* **Assignment**
Find how many lines in the entries below carry the word "Shirt" and answer with only that figure.

[Dataset items]

--- START ---

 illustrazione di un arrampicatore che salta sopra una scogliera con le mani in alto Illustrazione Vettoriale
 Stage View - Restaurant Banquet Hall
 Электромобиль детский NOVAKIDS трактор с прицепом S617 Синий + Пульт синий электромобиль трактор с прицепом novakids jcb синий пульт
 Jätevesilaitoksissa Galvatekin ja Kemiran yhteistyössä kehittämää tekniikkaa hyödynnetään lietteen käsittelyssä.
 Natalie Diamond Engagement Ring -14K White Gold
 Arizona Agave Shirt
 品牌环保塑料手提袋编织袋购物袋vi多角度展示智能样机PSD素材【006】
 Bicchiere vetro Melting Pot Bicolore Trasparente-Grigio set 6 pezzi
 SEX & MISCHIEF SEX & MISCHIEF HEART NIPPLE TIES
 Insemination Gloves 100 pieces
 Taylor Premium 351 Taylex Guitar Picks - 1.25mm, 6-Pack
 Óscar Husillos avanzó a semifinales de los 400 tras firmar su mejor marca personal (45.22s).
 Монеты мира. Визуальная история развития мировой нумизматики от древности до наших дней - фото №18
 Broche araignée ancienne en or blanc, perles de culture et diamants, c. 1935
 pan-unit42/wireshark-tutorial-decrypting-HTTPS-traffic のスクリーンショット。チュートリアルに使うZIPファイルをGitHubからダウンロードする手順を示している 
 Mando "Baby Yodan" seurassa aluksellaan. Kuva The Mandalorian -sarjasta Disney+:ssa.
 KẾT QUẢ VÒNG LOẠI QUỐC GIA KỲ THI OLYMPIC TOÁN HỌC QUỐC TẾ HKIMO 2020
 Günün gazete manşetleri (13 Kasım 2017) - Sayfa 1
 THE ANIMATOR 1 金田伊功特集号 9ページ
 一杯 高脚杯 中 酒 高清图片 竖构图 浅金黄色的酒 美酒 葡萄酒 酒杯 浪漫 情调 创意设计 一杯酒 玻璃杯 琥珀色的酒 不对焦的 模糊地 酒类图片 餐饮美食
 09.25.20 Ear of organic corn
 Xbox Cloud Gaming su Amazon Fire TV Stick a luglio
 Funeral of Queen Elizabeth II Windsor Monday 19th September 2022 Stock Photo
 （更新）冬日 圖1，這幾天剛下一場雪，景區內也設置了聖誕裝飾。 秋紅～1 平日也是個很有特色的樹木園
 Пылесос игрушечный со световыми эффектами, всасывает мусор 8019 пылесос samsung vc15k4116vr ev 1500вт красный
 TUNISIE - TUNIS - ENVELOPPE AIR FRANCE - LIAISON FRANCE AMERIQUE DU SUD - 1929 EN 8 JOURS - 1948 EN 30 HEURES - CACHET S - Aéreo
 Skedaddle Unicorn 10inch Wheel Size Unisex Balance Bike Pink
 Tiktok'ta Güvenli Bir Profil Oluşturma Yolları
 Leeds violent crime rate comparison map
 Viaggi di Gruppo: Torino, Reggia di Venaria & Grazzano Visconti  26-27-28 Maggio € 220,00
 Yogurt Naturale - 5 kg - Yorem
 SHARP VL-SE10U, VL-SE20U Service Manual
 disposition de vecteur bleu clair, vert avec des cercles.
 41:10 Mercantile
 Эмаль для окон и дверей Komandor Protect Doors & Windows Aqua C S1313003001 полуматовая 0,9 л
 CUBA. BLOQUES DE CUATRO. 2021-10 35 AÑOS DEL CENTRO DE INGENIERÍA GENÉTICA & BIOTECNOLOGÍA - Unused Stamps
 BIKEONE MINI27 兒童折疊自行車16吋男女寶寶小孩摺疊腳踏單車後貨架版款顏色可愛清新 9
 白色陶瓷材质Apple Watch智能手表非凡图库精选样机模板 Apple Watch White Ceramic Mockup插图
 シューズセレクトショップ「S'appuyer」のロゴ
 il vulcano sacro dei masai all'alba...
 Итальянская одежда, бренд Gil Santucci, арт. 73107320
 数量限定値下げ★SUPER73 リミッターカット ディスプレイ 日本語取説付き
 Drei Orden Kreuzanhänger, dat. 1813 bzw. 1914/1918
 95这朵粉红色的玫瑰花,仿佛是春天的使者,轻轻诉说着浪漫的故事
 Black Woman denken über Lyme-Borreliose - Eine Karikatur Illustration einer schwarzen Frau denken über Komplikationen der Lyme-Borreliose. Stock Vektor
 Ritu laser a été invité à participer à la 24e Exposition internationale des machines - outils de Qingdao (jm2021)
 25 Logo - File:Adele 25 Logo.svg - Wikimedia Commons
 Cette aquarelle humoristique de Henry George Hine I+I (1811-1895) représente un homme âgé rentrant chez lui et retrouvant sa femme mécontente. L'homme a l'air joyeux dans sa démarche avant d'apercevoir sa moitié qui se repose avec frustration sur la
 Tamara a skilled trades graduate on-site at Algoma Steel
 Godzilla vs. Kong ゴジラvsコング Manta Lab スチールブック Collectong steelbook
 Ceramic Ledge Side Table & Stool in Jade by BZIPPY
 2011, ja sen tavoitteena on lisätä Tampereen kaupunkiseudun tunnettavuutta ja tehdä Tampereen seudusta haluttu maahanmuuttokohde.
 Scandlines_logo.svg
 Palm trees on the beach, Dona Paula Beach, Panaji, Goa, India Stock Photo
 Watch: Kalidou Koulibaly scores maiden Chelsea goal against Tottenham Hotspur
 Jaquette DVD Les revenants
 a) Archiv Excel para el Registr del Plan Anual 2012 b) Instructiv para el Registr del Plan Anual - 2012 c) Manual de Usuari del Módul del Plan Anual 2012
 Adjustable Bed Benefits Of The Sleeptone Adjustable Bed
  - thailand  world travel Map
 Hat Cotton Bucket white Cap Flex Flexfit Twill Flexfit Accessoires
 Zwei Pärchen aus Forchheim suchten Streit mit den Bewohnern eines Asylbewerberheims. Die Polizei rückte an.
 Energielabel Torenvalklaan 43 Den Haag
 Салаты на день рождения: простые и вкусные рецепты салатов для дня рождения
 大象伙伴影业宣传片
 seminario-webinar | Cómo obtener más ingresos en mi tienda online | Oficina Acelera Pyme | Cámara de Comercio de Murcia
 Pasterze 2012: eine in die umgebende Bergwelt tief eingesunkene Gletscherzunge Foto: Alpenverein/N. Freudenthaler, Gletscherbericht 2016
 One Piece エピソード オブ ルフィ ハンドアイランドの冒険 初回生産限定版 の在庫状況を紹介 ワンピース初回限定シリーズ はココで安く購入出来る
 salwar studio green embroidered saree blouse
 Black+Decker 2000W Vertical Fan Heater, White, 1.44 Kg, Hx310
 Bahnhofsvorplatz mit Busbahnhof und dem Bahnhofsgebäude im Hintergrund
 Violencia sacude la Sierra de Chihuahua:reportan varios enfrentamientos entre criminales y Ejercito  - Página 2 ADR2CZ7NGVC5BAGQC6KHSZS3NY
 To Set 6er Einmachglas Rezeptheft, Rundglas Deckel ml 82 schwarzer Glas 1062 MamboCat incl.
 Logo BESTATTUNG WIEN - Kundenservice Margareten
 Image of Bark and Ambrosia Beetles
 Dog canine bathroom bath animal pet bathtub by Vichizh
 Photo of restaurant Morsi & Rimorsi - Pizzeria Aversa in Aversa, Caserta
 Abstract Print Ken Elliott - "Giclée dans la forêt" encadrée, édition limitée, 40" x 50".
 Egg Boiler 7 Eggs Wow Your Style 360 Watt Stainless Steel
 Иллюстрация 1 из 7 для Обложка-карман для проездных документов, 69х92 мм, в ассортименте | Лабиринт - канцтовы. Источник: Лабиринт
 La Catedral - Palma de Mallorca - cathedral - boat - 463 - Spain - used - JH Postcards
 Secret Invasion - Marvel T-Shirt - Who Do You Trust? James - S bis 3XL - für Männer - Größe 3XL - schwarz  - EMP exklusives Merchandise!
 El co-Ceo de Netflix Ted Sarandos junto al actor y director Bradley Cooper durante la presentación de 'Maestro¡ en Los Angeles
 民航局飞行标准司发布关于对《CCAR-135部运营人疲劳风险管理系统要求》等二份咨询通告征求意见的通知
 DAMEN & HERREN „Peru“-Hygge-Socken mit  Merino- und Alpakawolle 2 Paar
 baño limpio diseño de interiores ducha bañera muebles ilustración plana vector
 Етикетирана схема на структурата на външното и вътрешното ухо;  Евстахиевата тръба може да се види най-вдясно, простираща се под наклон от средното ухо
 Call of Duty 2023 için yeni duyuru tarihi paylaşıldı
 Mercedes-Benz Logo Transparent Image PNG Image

--- END ---

* **Answer below**
2